Once created, the task objects are configured with the various arguments and settings needed to properly launch them. However, as described in Declaration, many of these can be statically declared in the task body. Usually, the user need only supply the actual input/output/scalar/etc. arguments at the task launch site:
#include <legate.h>
void launch_my_task(
const legate::LogicalArray& input_array,
// ...
const legate::LogicalArray& output_array,
// ...
)
{
auto runtime = legate::Runtime::get_runtime();
auto lib = runtime->find_library("my_library");
auto task = runtime->create_task(lib, MyTask::TASK_CONFIG.task_id());
task.add_input(input_array);
// ...
task.add_output(output_array);
// ...
runtime->submit(std::move(task));
}
Warning
Task objects are single-use only. Once submitted (via legate::Runtime::submit()
),
these objects may not be reused to submit a new task. In order to submit a new task of
the same type, a fresh task object must be constructed.

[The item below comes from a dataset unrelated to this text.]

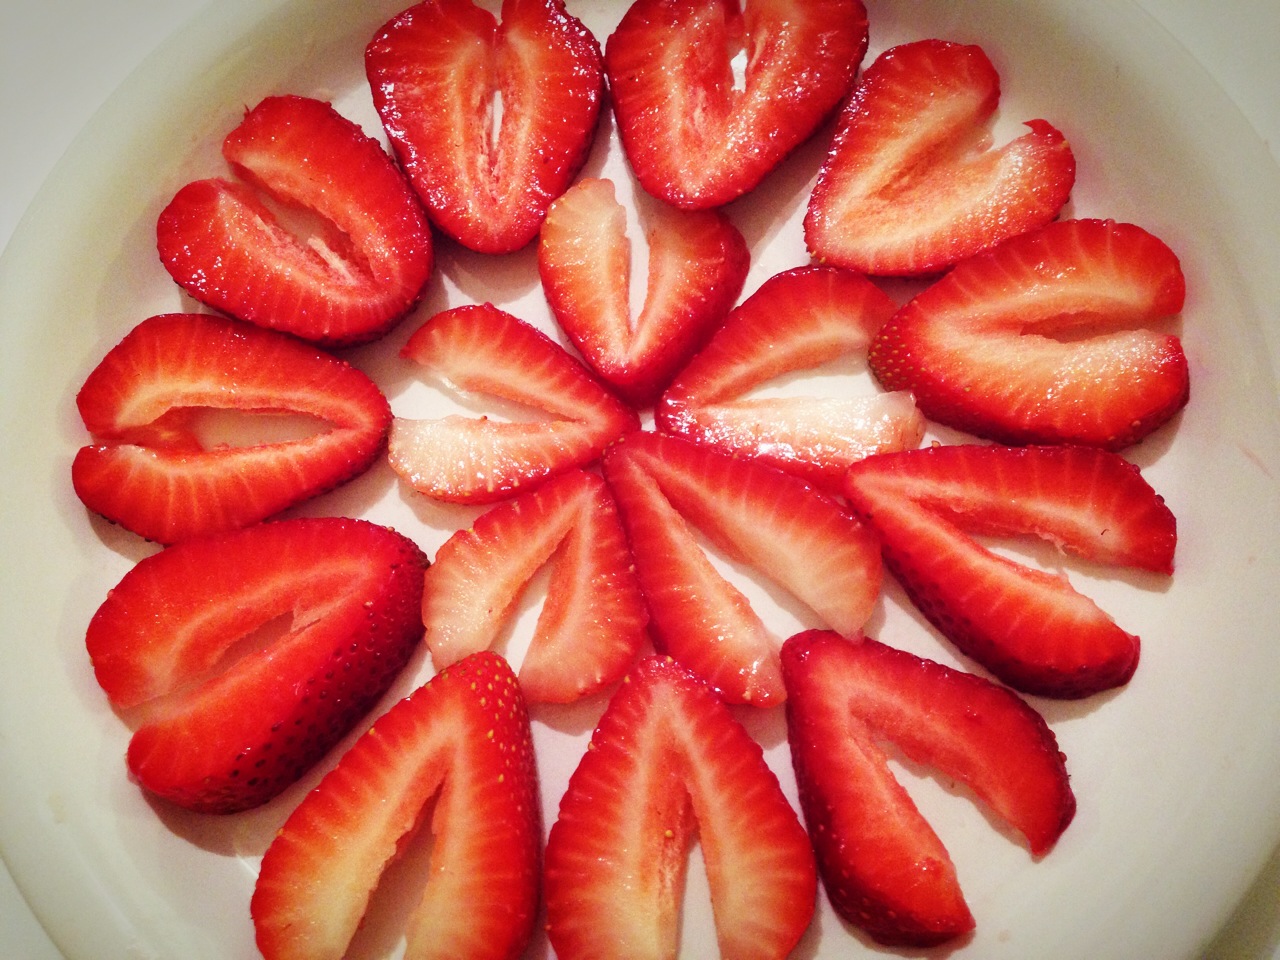 时一定都会想拿个食材来装饰一下,而草莓就是常常出现的装饰品之一!

Due to the deferred nature of the Legate runtime, submission of the task to the runtime does not imply the task has been immediately executed. It simply appends the task to the Legate launch pipeline to be executed at some unspecified later time. The user has no guarantee of execution of the task until an explicit, blocking, execution fence is invoked. See The Runtime for further discussion of these concepts.